Create file nn_xor.py

# import the necessary packages from neuralnetwork import NeuralNetwork import numpy as np # Building an XOR dataset X = np.array([[0, 0], [0, 1], [1, 0], [1, 1]]) y = np.array([[0], [1], [1], [0]]) # Define and train neural networks nn = NeuralNetwork([2, 2, 1], alpha=0.5) nn.fit(X, y, epochs=20000) # Make predictions for (x, target) in zip(X, y): # Cloud survey and print results pred = nn.predict(x)[0][0] step = 1 if pred > 0.5 else 0 print("[INFO] data={}, ground-truth={}, pred={:.4f}, step={}".format(x, target[0], pred, step))

Execute the file, and the output is as follows

For each data point, the neural network can correctly learn the XOR mode, which proves that our multilayer neural network can learn nonlinear functions.

In order to prove that learning XOR function requires at least one hidden layer, we modify the above code nn = NeuralNetwork([2, 2, 1], alpha=0.5) to NeuralNetwork([2, 1], alpha=0.5), and then retrain to obtain the following output.

No matter how you adjust the learning rate or weight initialization, you can never approach the XOR function. This is why multilayer networks with nonlinear activation functions trained by back propagation are so important.

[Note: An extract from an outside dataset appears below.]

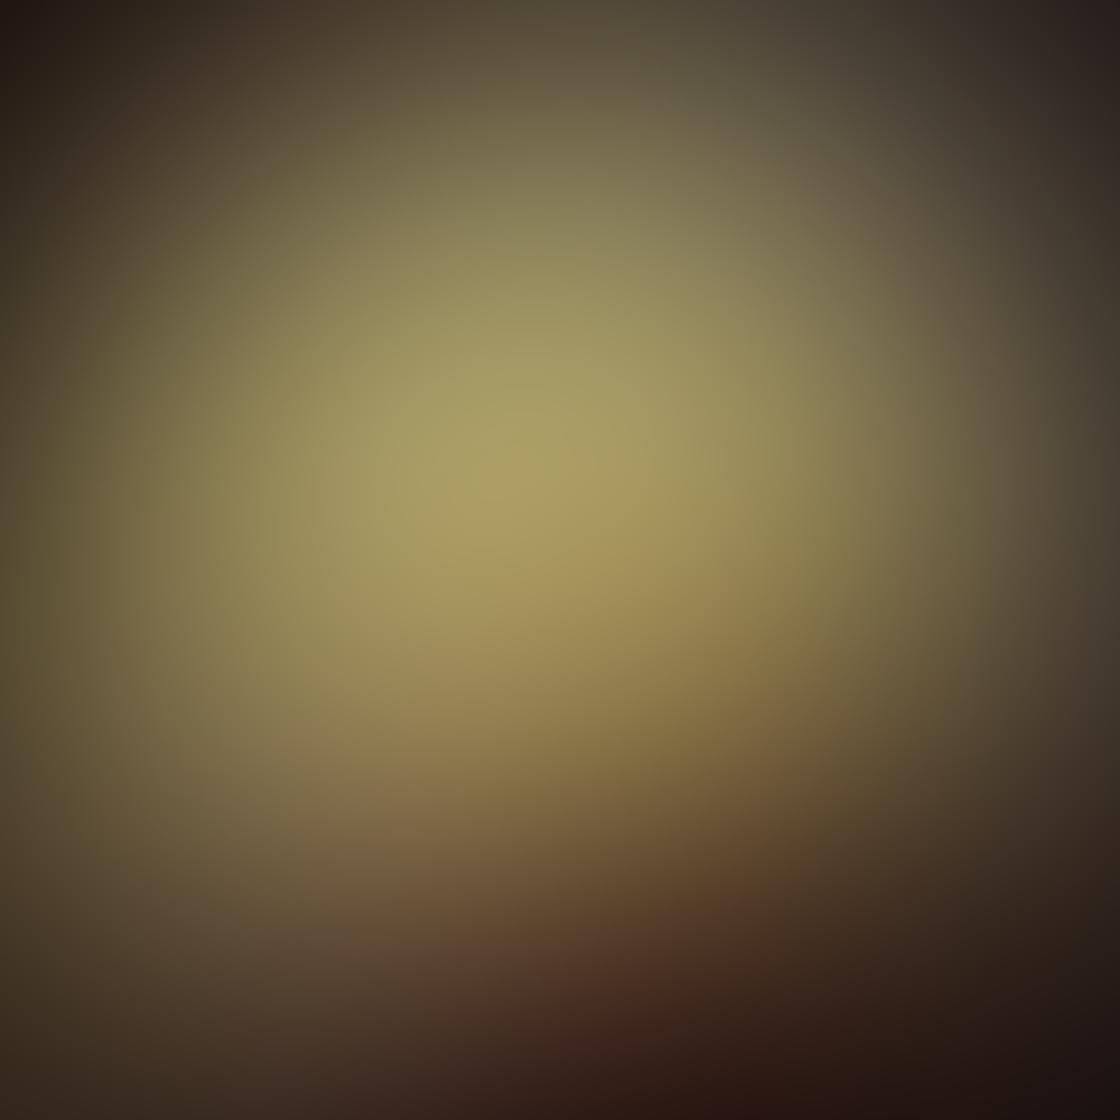 iPhone Photo Perspective 2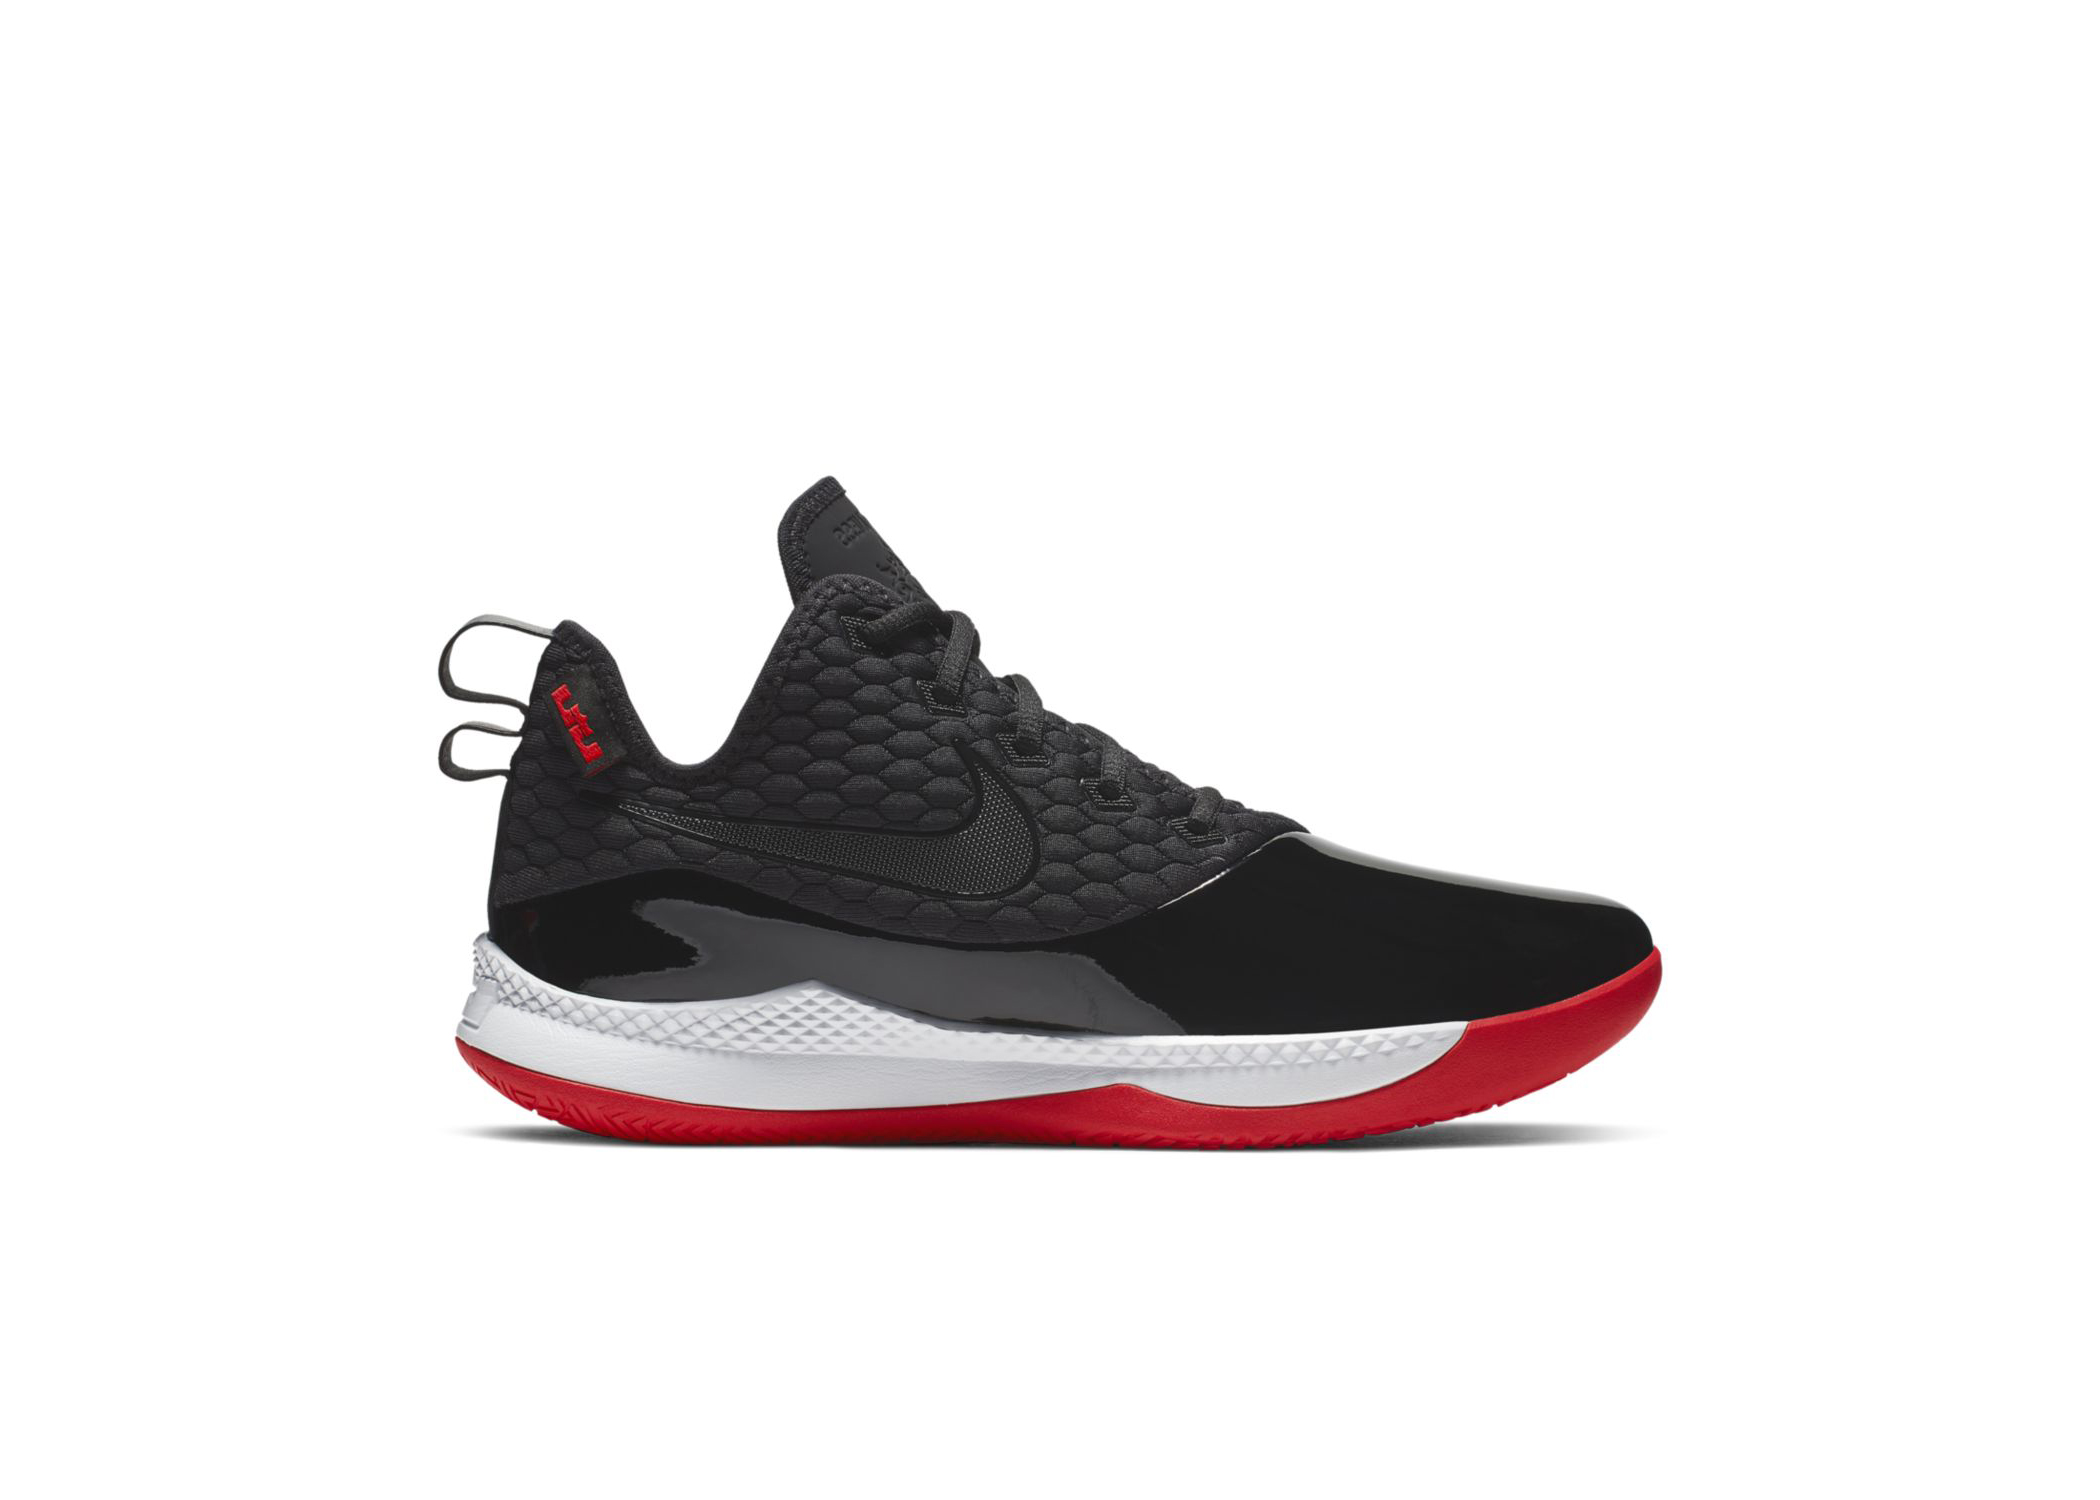 Nike Lebron Witness 3 PRM Black

## 5. Example 2 - MINST dataset

The second example is a subset of MNIST data set (below) for handwritten numeral recognition. This subset of the MNIST dataset is built into the scikit learn library and includes 1797 sample numbers, each 8 × 8 grayscale images (original image is 28) × 28). When flattened, each image is an 8 × 8 = 64 dimensional vector.

We created a named nn_mnist.py file.

from neuralnetwork import NeuralNetwork from sklearn.preprocessing import LabelBinarizer from sklearn.model_selection import train_test_split from sklearn.metrics import classification_report from sklearn import datasets # Load the MNIST dataset and apply min / max scaling to reduce the pixel intensity value to the [0, 1] range (each image is represented by an 8 x 8 = 64 dim eigenvector) print("[INFO] loading MNIST (sample) dataset...") digits = datasets.load_digits() data = digits.data.astype("float") data = (data - data.min()) / (data.max() - data.min()) print("[INFO] samples: {}, dim: {}".format(data.shape[0],data.shape[1])) # Build training set and test set (trainX, testX, trainY, testY) = train_test_split(data, digits.target, test_size=0.25) # Convert labels from integers to vectors trainY = LabelBinarizer().fit_transform(trainY) testY = LabelBinarizer().fit_transform(testY) # train the network print("[INFO] training network...") nn = NeuralNetwork([trainX.shape[1], 32, 16, 10]) print("[INFO] {}".format(nn)) nn.fit(trainX, trainY, epochs=1000) # evaluate the network print("[INFO] evaluating network...") predictions = nn.predict(testX) predictions = predictions.argmax(axis=1) print(classification_report(testY.argmax(axis=1), predictions))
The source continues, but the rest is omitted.